In this paper, we developed a DNN-based inversion method to estimate permeabilities of multiple soil and geologic layers within a watershed from the observed stream discharge time series. We successfully trained DNNs to map from the stream discharges to the permeability set using the training/validation/testing data generated through the ensemble watershed simulations. In doing so, we found that the accuracy and robustness of DNN-based estimations are influenced by the relevant information content contained in the observation data with respect to the parameters. In the watershed system we studied, permeability for soil and geologic layers with larger spatial coverage can be estimated more accurately from the observed discharge data, and their estimations were more robust to observation errors.
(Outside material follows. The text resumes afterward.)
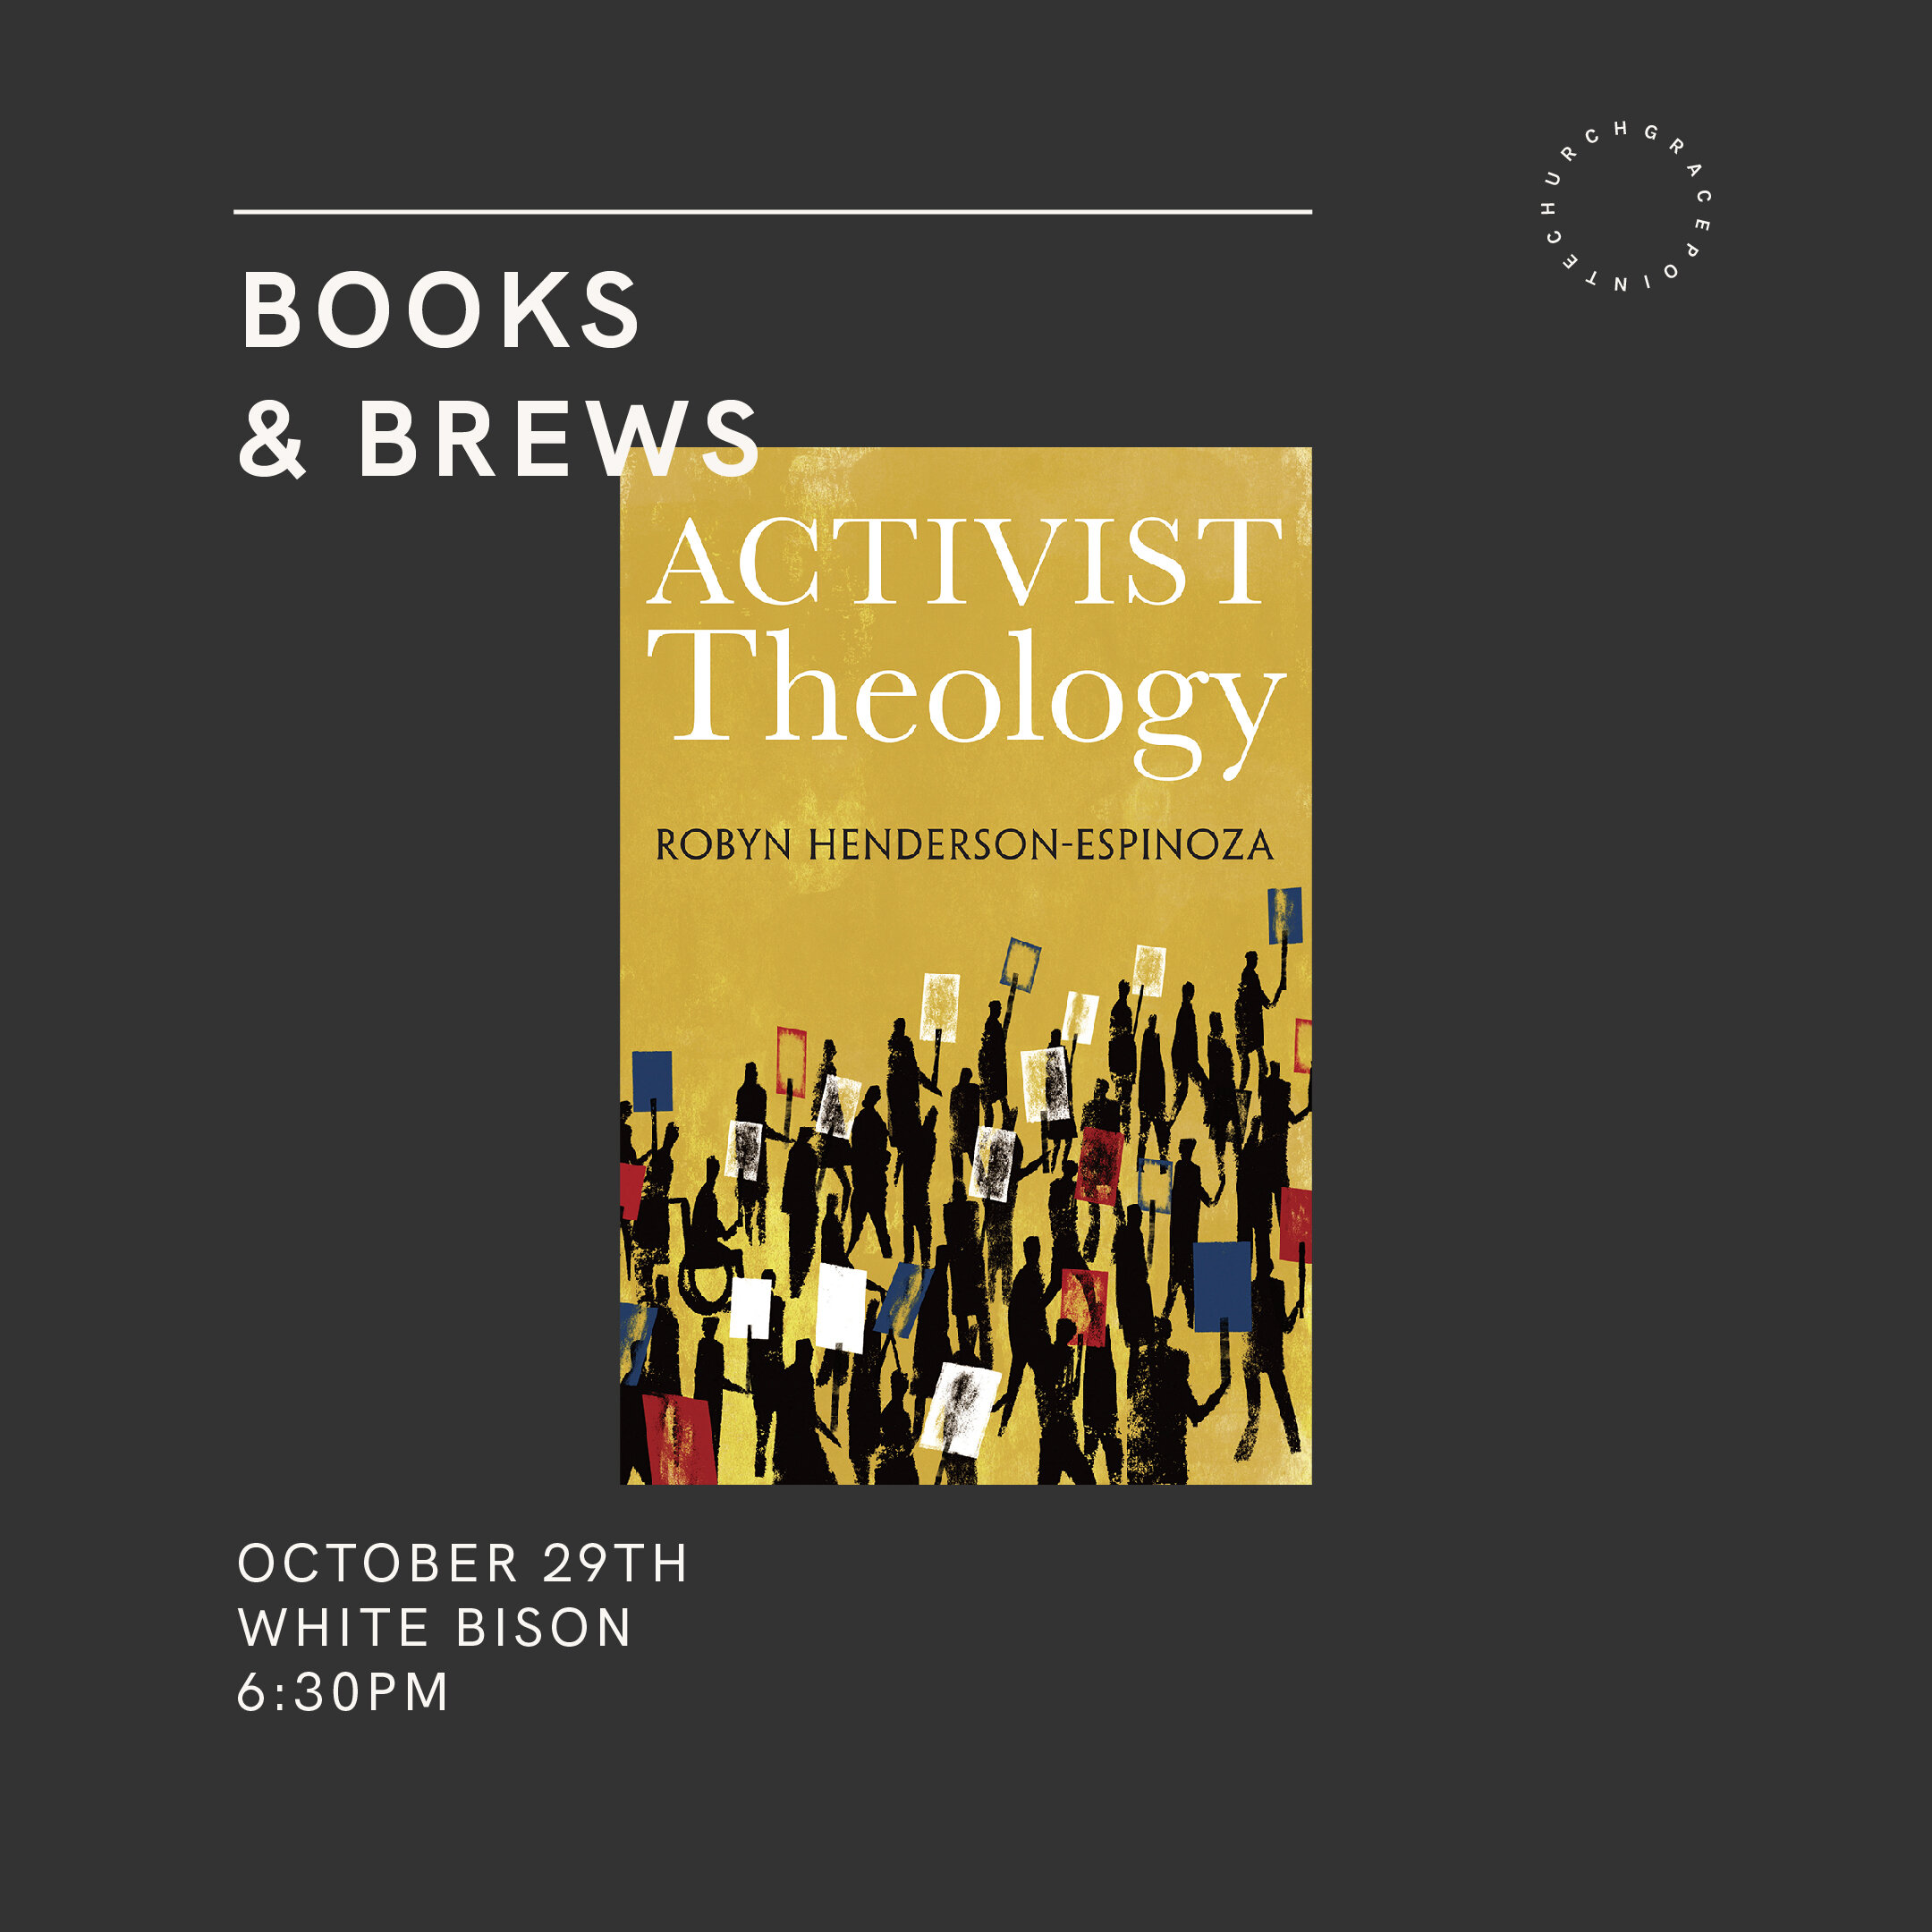 Books and Brews – Activist Theology – OctoberInstagram.jpg

In comparing the parameters estimated by the DNNs and the traditional ES method from the same observation data, we found that the DNNs consistently outperformed the ES algorithm. On the testing set, the DNNs achieved an overall MSE an order of magnitude lower than the ES method. The DNNs is more effective in utilizing the information provided by larger training dataset than the ES approach. By capturing the nonlinear relationships between the model inputs and outputs through multiple layers of neurons, DNNs yielded more realistic permeability estimations for the real watershed system, leading to improved match between model predicted and observed stream discharges. However, improving the permeability used in the model alone does not enable the models to capture the inter-annual variability in the discharges, future work is needed to identify additional processes and parameters that may contribute to the unresolved inter-annual variability in system responses.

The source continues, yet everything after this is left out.